## Supplied material

[Start of Attachment]

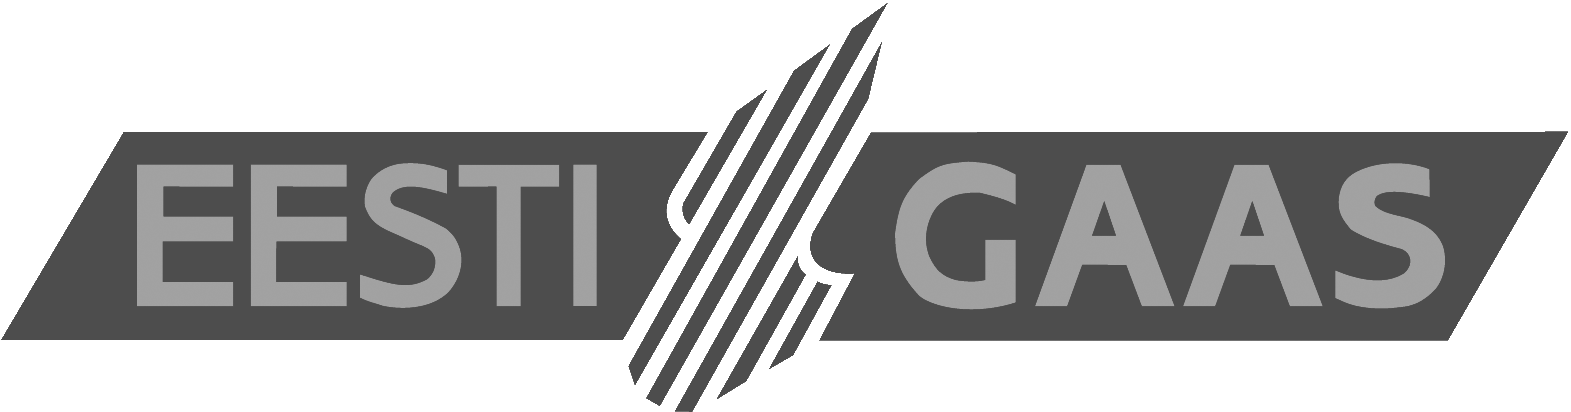 logo-eestigaas
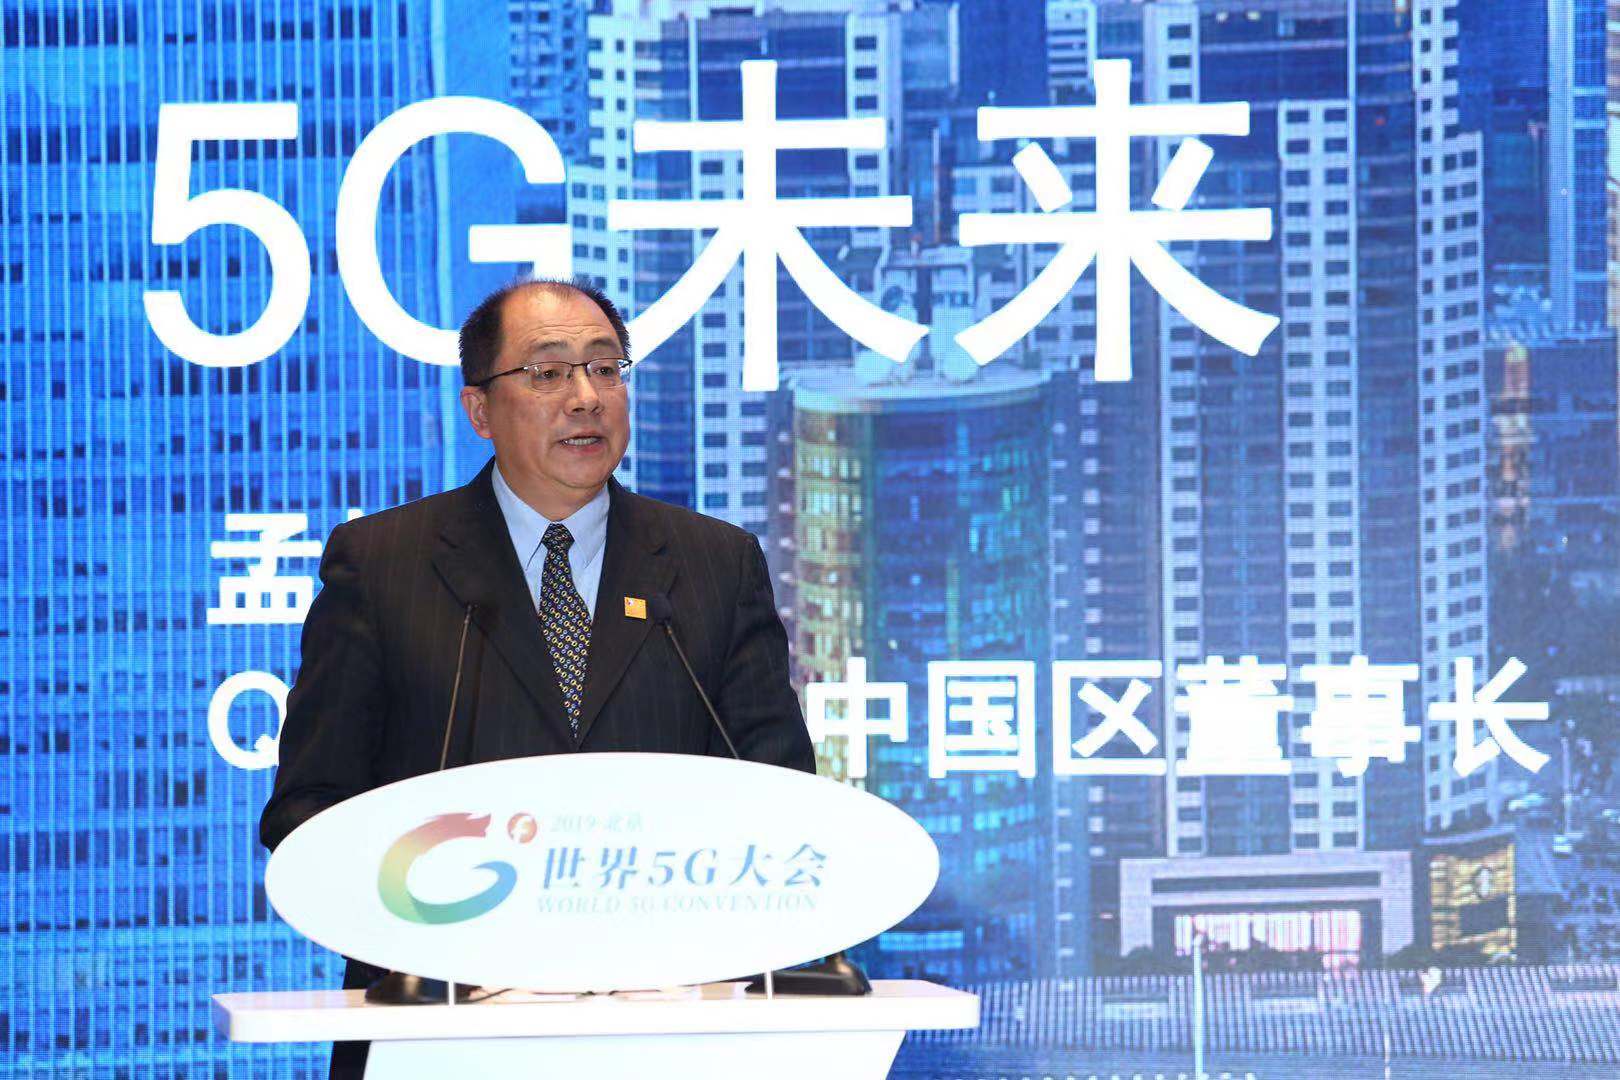 5G技术潜力仅现冰山一角——访高通中国区董事长 孟樸
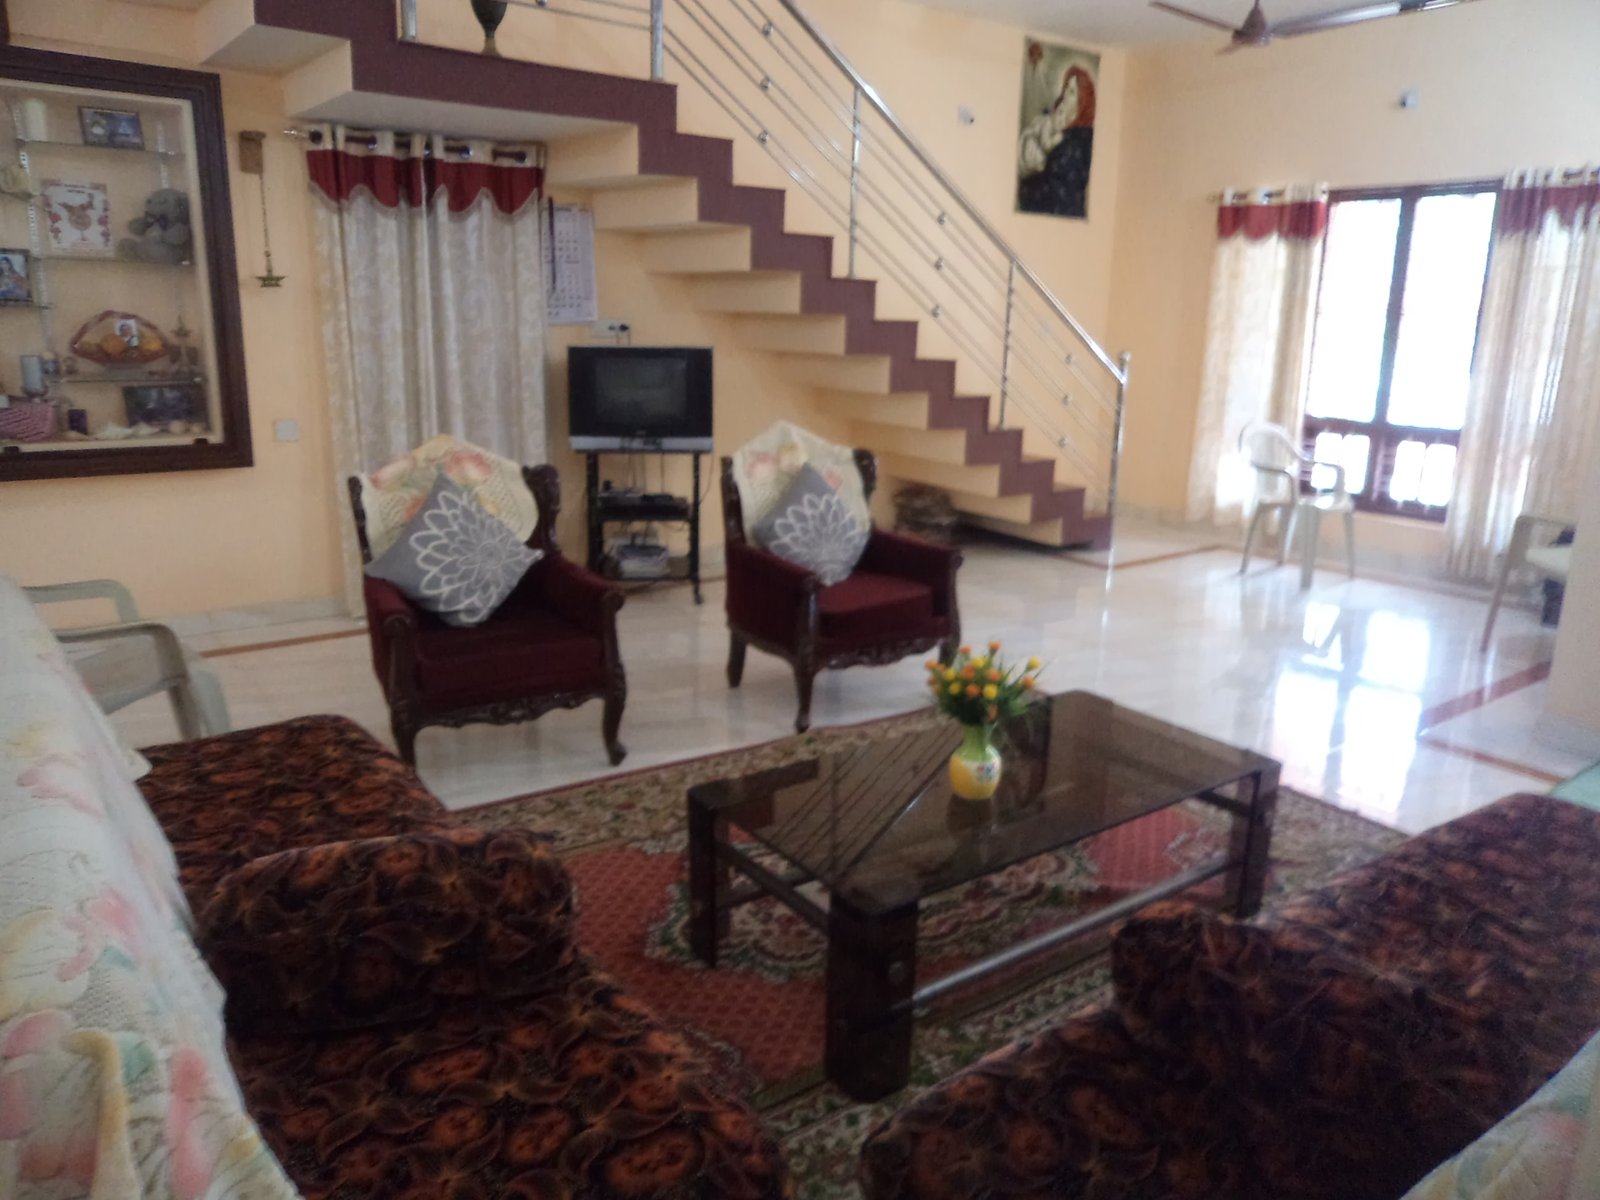 4 bedroom villa holiday rental in kottayam
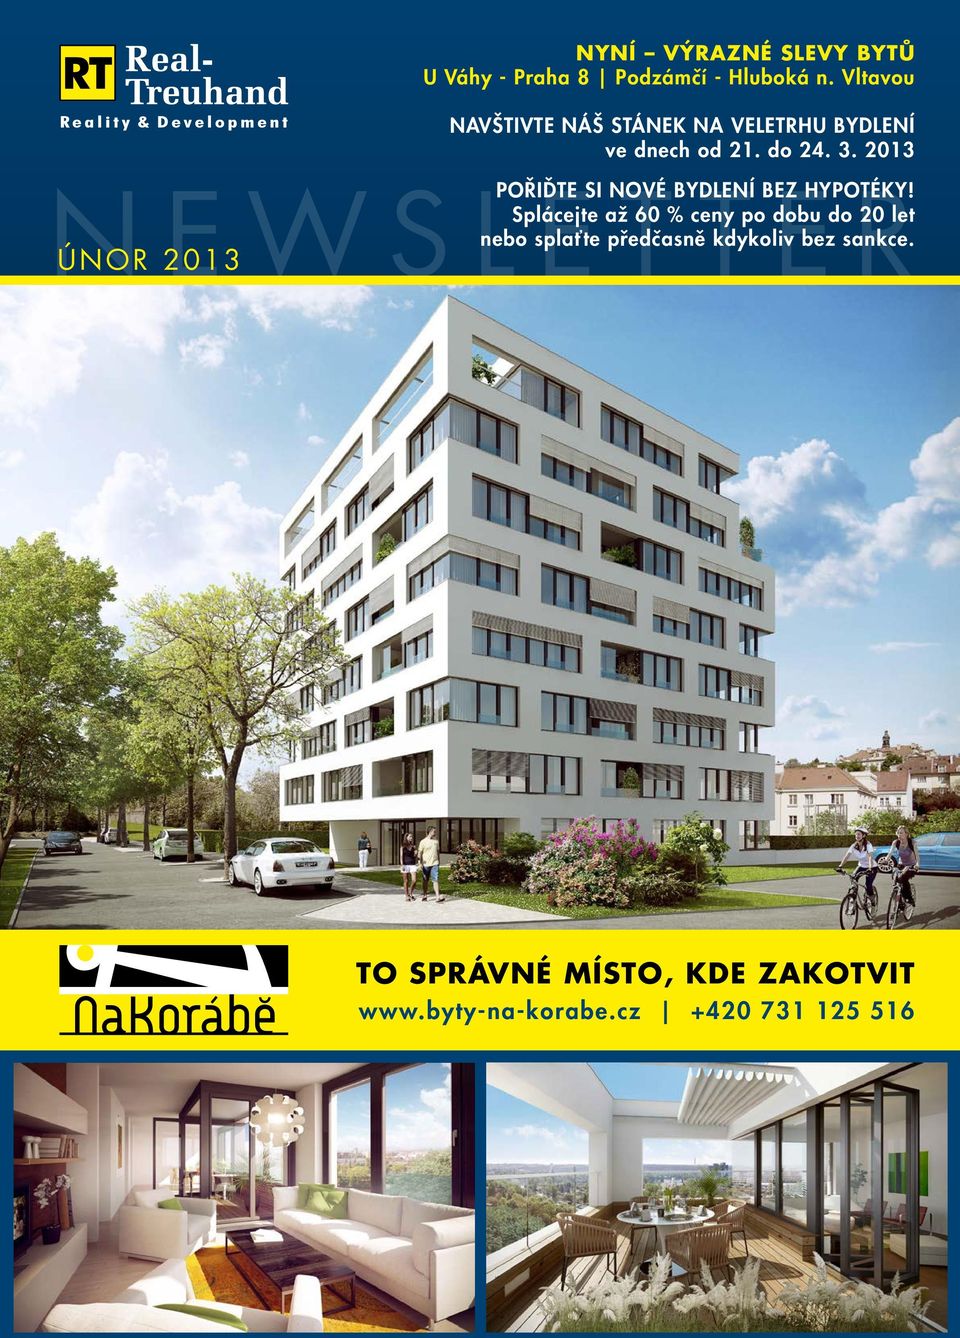 ÚNOR 2013 Nyní výrazné slevy bytů U Váhy - Praha 8 Podzámčí - Hluboká n.

[End of Attachment]

## What is required
Give back all the material exactly, with no pictures.

## Answer for this exercise
 logo-eestigaas
 5G技术潜力仅现冰山一角——访高通中国区董事长 孟樸
 4 bedroom villa holiday rental in kottayam
 ÚNOR 2013 Nyní výrazné slevy bytů U Váhy - Praha 8 Podzámčí - Hluboká n.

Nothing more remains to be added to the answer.